Once you reach the line that holds "Chessex Gemini Polyhedral" in the listing below, output it and every line after it through the line that holds "FTLife Wins Joyful@Healthy", word for word.

***** DATA PROVIDED *****

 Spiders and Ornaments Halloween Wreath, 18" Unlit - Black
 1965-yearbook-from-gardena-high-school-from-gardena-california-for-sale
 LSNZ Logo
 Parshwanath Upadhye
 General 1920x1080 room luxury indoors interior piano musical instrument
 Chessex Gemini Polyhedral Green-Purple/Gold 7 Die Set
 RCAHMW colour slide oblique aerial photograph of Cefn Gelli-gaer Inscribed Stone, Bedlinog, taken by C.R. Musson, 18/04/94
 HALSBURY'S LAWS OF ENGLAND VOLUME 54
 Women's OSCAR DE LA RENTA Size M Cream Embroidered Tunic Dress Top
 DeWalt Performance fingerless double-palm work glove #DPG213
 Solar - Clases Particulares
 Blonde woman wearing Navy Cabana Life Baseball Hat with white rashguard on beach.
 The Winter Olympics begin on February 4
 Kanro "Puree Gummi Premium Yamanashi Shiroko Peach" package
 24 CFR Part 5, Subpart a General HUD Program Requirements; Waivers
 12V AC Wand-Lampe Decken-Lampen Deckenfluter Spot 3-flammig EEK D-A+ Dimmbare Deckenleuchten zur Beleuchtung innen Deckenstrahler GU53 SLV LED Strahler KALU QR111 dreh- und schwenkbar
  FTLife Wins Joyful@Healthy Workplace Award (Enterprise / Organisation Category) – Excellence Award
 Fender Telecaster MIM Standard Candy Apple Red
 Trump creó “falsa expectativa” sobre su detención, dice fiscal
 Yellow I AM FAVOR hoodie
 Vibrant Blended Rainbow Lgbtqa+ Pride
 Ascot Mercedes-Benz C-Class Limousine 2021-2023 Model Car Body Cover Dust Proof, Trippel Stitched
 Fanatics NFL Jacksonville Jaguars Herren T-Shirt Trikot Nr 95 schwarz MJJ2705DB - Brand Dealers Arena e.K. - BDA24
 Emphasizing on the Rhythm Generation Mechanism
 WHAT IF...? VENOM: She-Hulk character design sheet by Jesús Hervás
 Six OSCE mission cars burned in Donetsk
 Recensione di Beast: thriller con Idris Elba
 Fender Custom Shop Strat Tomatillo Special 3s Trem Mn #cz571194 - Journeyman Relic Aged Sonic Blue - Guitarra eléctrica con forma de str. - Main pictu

*****

REPLY TO THE EXERCISE>
 Chessex Gemini Polyhedral Green-Purple/Gold 7 Die Set
 RCAHMW colour slide oblique aerial photograph of Cefn Gelli-gaer Inscribed Stone, Bedlinog, taken by C.R. Musson, 18/04/94
 HALSBURY'S LAWS OF ENGLAND VOLUME 54
 Women's OSCAR DE LA RENTA Size M Cream Embroidered Tunic Dress Top
 DeWalt Performance fingerless double-palm work glove #DPG213
 Solar - Clases Particulares
 Blonde woman wearing Navy Cabana Life Baseball Hat with white rashguard on beach.
 The Winter Olympics begin on February 4
 Kanro "Puree Gummi Premium Yamanashi Shiroko Peach" package
 24 CFR Part 5, Subpart a General HUD Program Requirements; Waivers
 12V AC Wand-Lampe Decken-Lampen Deckenfluter Spot 3-flammig EEK D-A+ Dimmbare Deckenleuchten zur Beleuchtung innen Deckenstrahler GU53 SLV LED Strahler KALU QR111 dreh- und schwenkbar
  FTLife Wins Joyful@Healthy Workplace Award (Enterprise / Organisation Category) – Excellence Award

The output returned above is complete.